Georges Masson : Quelles sont les observations qui, globalement, vous ont conduite à être sceptique
quant à ce projet ?
Christiane Stutzmann : Globalement, je vous dirai que la fusion des deux scènes lyriques de Nancy et
de Metz ne garantit pas un moindre coût, et que le projet de fusion entraînera un plan social, lourd de
conséquences sur les plans économique et humain. De ce fait, elle affectera inévitablement la qualité de
la création artistique, qui, elle, doit rester absolument prioritaire. De plus, la fusion n’est pas
automatiquement compatible avec une image culturelle forte de la Lorraine. Celle-ci exige un
rayonnement pluridisciplinaire de qualité. D’autre part, une programmation commune conduirait à
diminuer l’offre, puisque l’on ne pourrait, évidemment, pas jouer simultanément dans les deux villes.
LES CONSEQUENCES : UN APPAUVRISSEMENT
G.M. : Est-ce une perspective de décroissance que vous appréhendez ?
Ch.S. : C’est une constatation : le point fort de Nancy est, incontestablement, sa scène lyrique, et celui
de Metz est son orchestre. Faut-il pour autant les réunir à tout prix en ignorant les conséquences d’une
telle décision ? La conséquence en sera, inévitablement, un appauvrissement.
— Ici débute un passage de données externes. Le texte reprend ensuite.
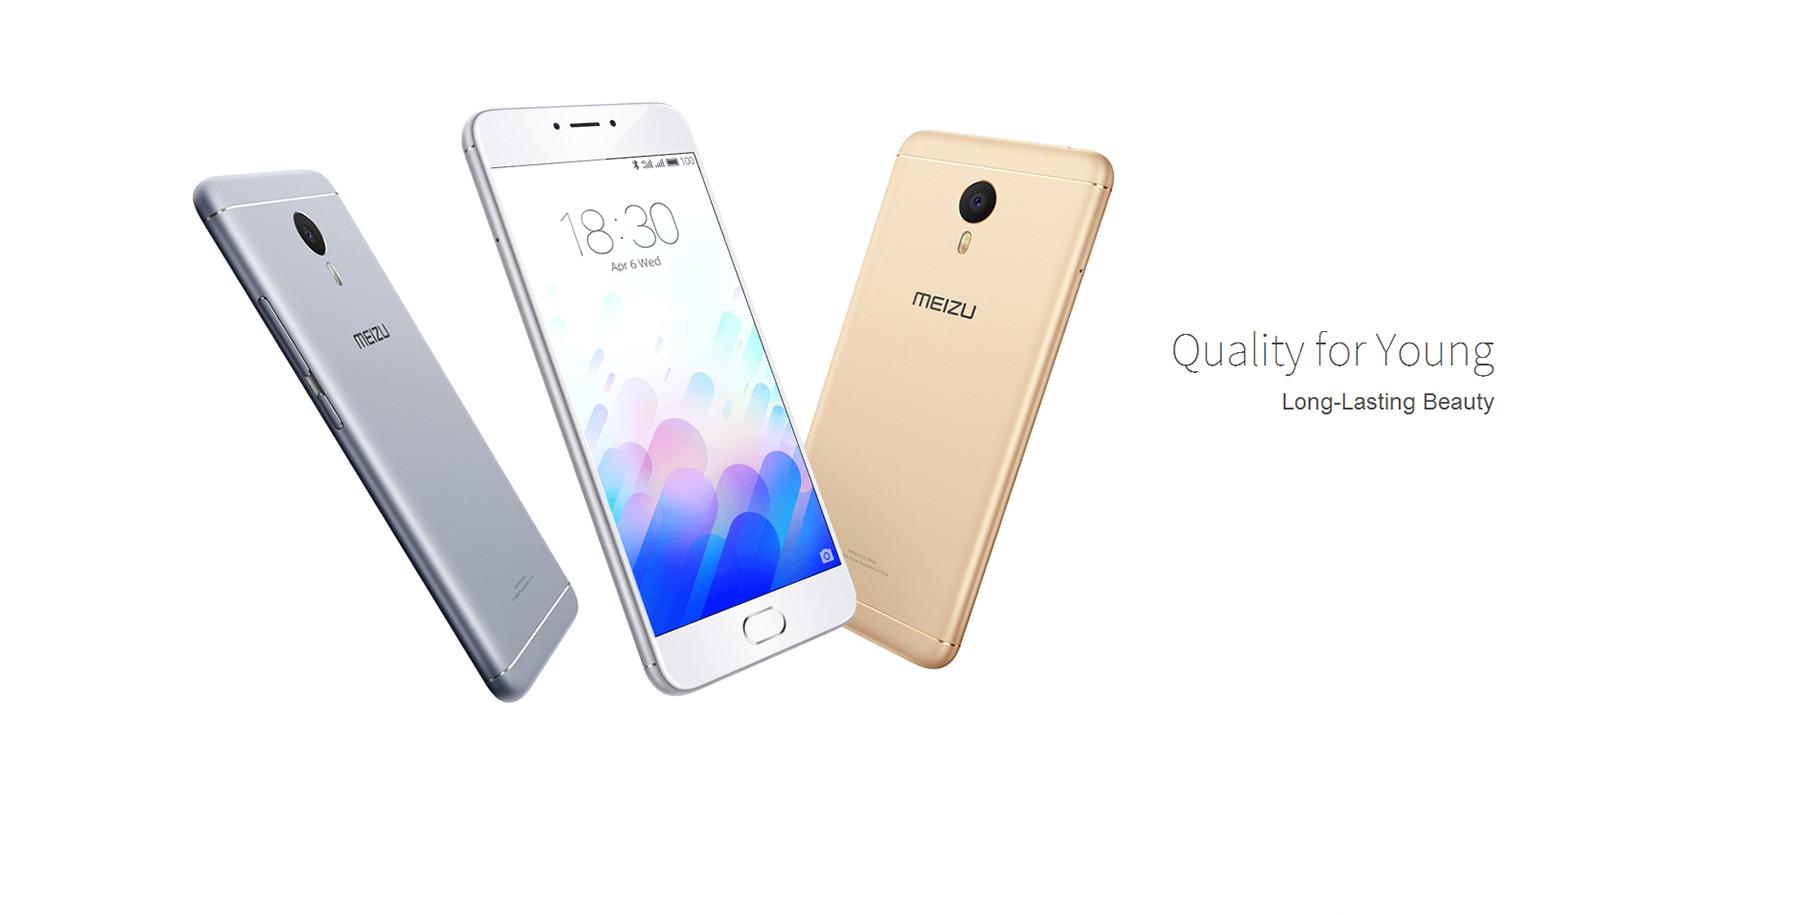 MEIZU M3 Note International Edition Android 5.1 4G Phablet with 5.5 inch FHD Screen Helio P10 Octa Core 3GB RAM 32GB ROM Fingerprint 13MP Rear Camera IR Proximity Sensor

La solution serait de
s’orienter plutôt vers un rapprochement, une coordination, forte et cohérente.
G.M. : Pouvez-vous nous fixer dans leurs détails, les objections d’ensemble que vous formulez ?
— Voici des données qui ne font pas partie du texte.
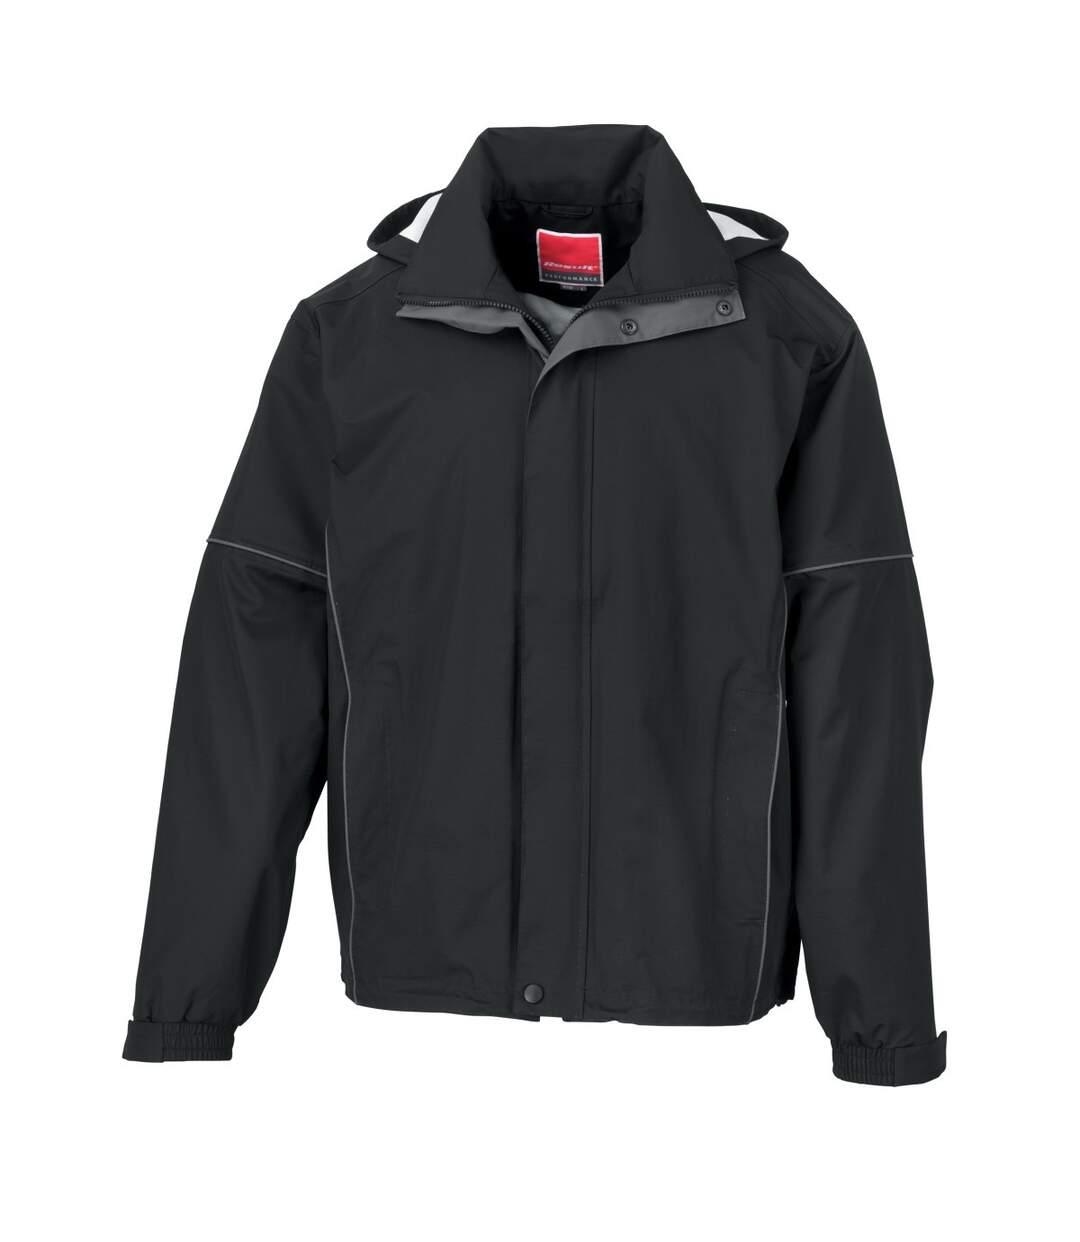 Result Mens Urban Outdoor Fell Lightweight Technical Jacket (Waterproof & Windproof) (Black) - UTBC3050

Ch.S. : Le premier des inconvénients, en cas de fusion, est d’ordre technique. Dans une production
lyrique faite pour la scène de l’Opéra National de Lorraine (Nancy), le décor serait complètement
sacrifié, comme ce fut le cas précédemment pour « Carmen » et pour « L’Italienne à Alger » (saison
2011-2012), et ceci, afin de pouvoir tenir sur la scène de l’Opéra-Théâtre de Metz, en raison de la
différence de taille des deux scènes, celle de Metz étant la plus petite de France. Ce qui conduirait à une
programmation adaptable aux deux scènes et réduirait, d’emblée, à Nancy, la programmation d’opéras à
grand spectacle, dignes d’un Opéra national.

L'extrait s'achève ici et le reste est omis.